The tub 104 includes a front opening 114 and a door 116 hinged at its bottom 117 for movement between a normally closed vertical position (shown in FIG. 1), wherein the wash chamber 106 is sealed shut for washing operation, and a horizontal open position for loading and unloading of articles from the dishwasher appliance 100. According to example embodiments, dishwasher appliance 100 further includes a door closure mechanism or assembly 118 that is used to lock and unlock door 116 for accessing and sealing wash chamber 106.

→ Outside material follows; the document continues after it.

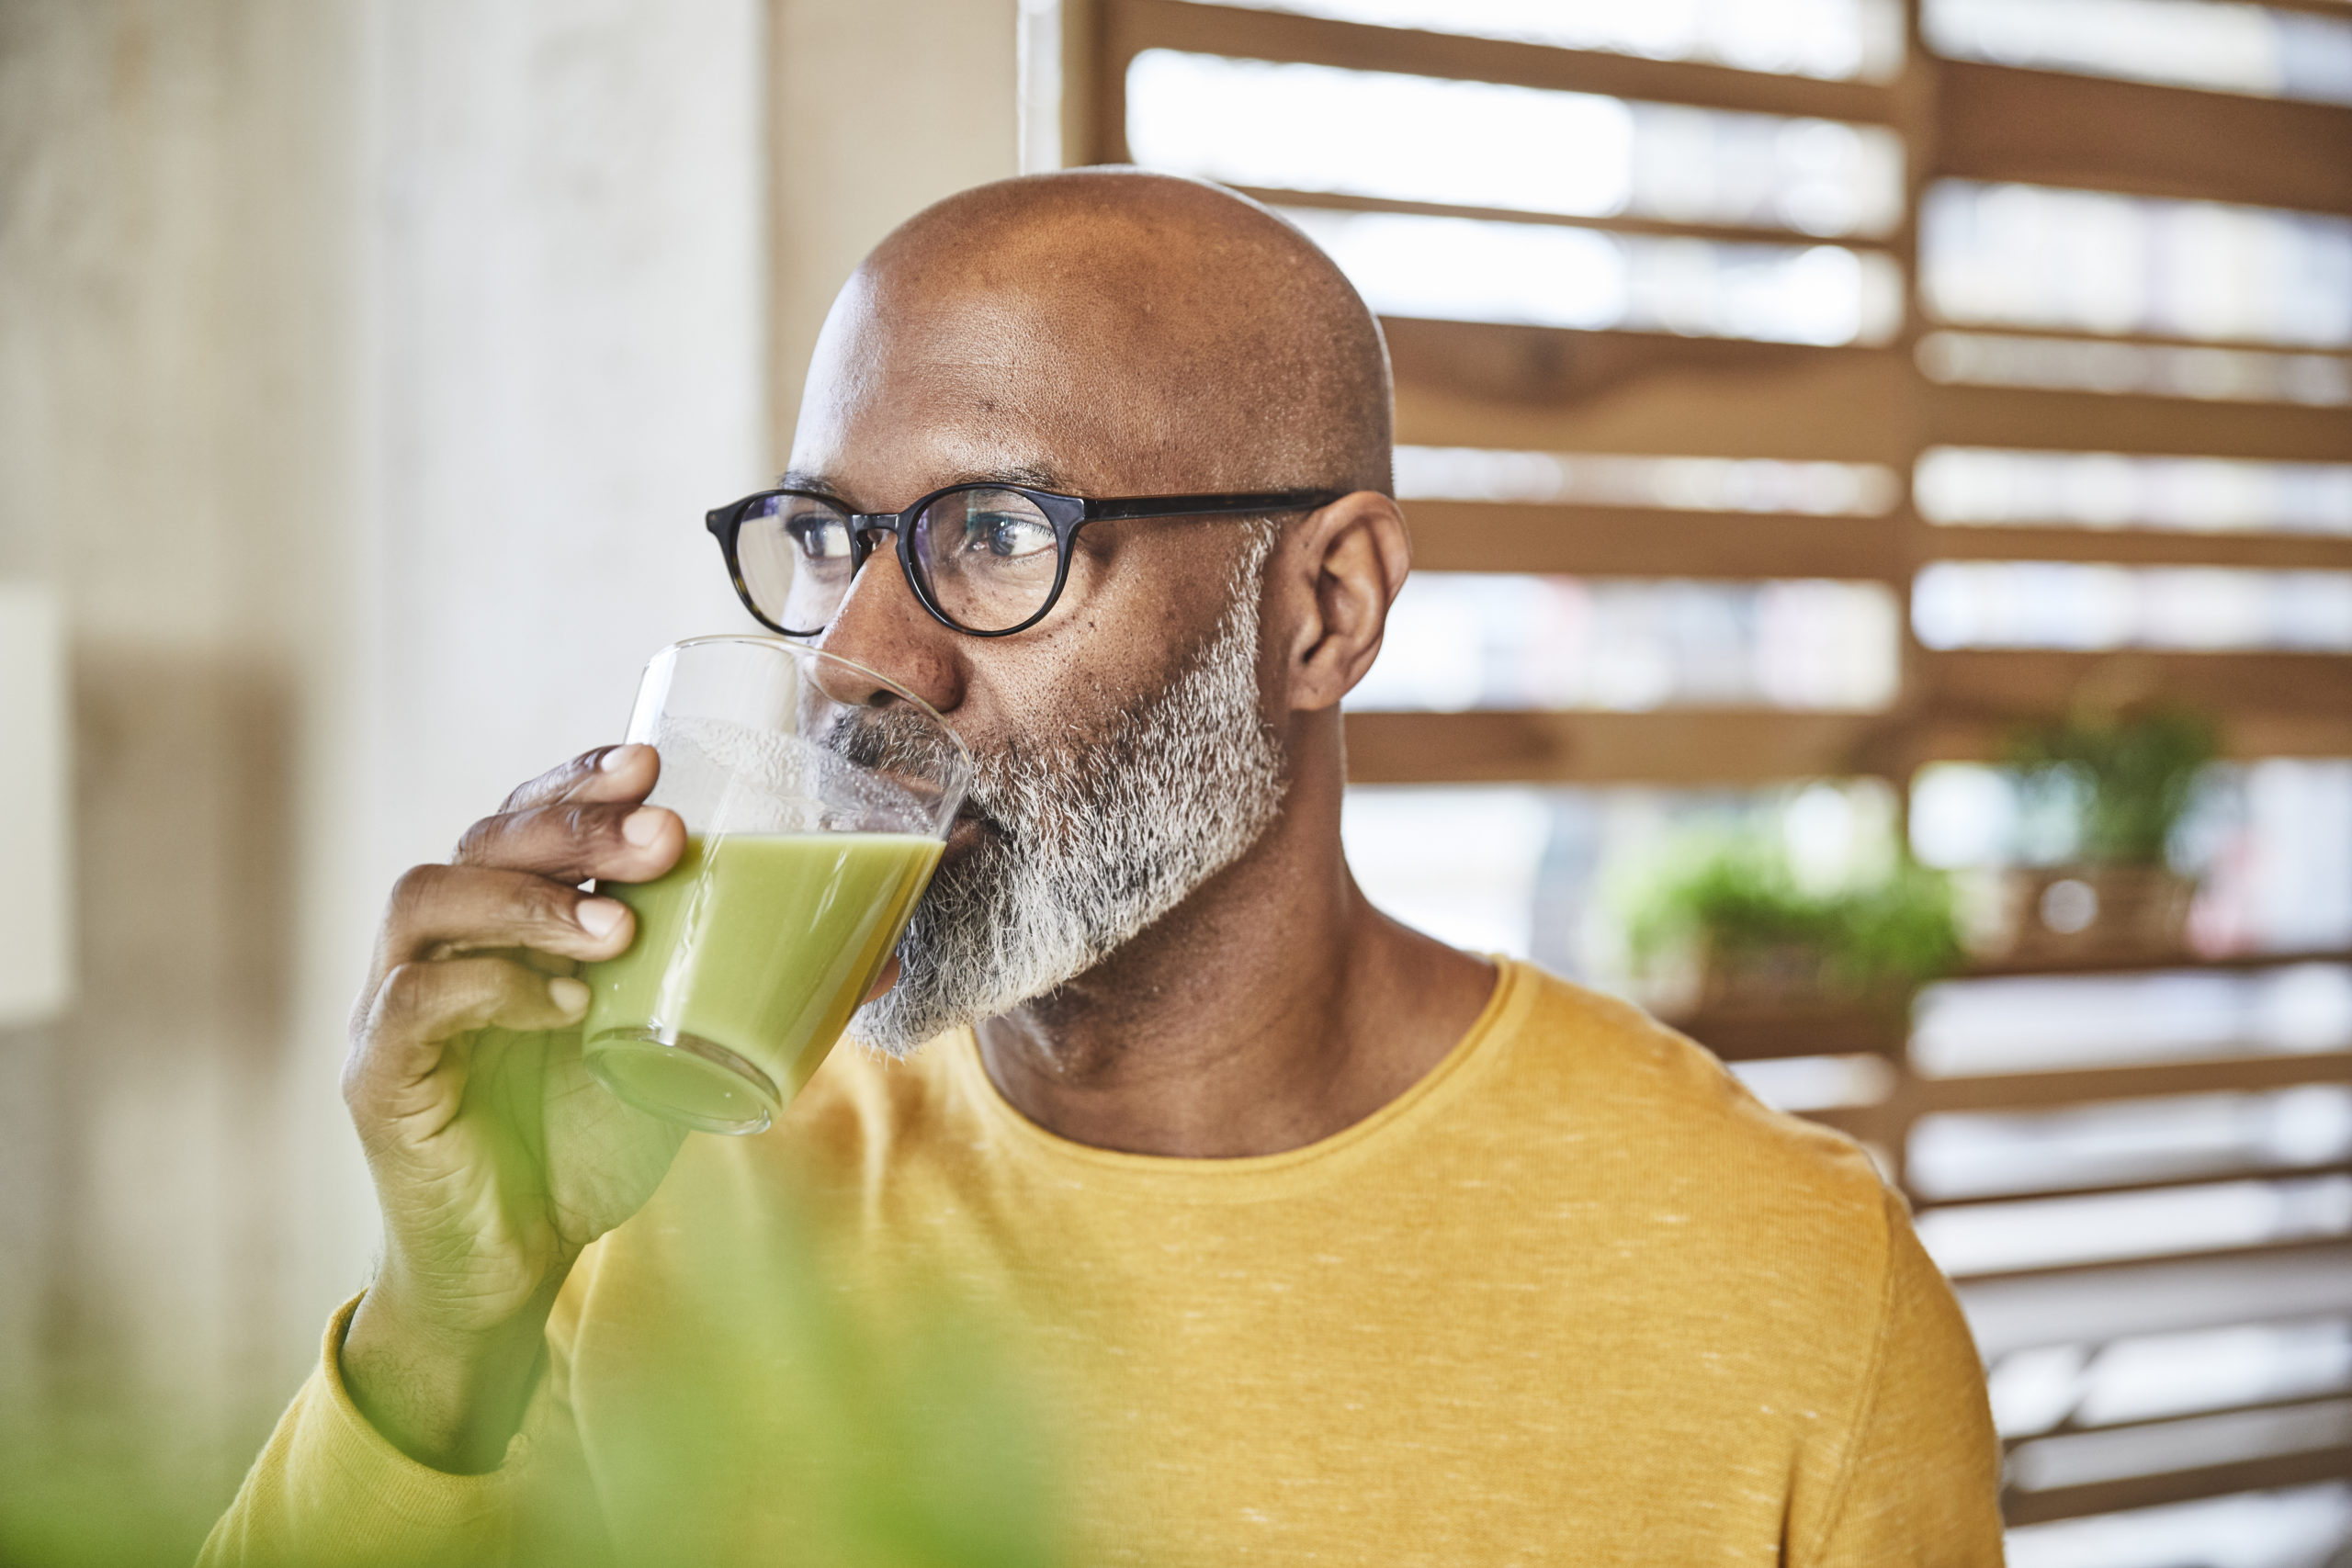 Mature businessman in office drinking a smoothie as part of an employee wellness initiative

At least one rack assembly is slidably positioned within wash chamber 106 and is configured for the receipt of articles for cleaning. For the example embodiment shown in FIG. 2, opposing tub sidewalls 110 accommodate a plurality of rack assemblies. More specifically, guide rails 96, 98 and 120 may be mounted to (or formed as part of) sidewalls 110 for supporting a first rack assembly 122 (also referred to as a lower rack assembly 122), a middle rack assembly 124 (also referred to as a second rack assembly 124), and a third rack assembly 126 (also referred to as an upper rack assembly 126). As illustrated, upper rack assembly 126 is positioned at a top portion of wash chamber 106 above middle rack assembly 124, which is positioned above lower rack assembly 122 along the vertical direction V. Additional details regarding the upper rack assembly 126 will be provided herein. For this example embodiment, upper rack assembly 126 is supported on opposing sidewalls 110 by rails 120 but rails 120 could be supported on and attached to middle rack assembly 124 as well.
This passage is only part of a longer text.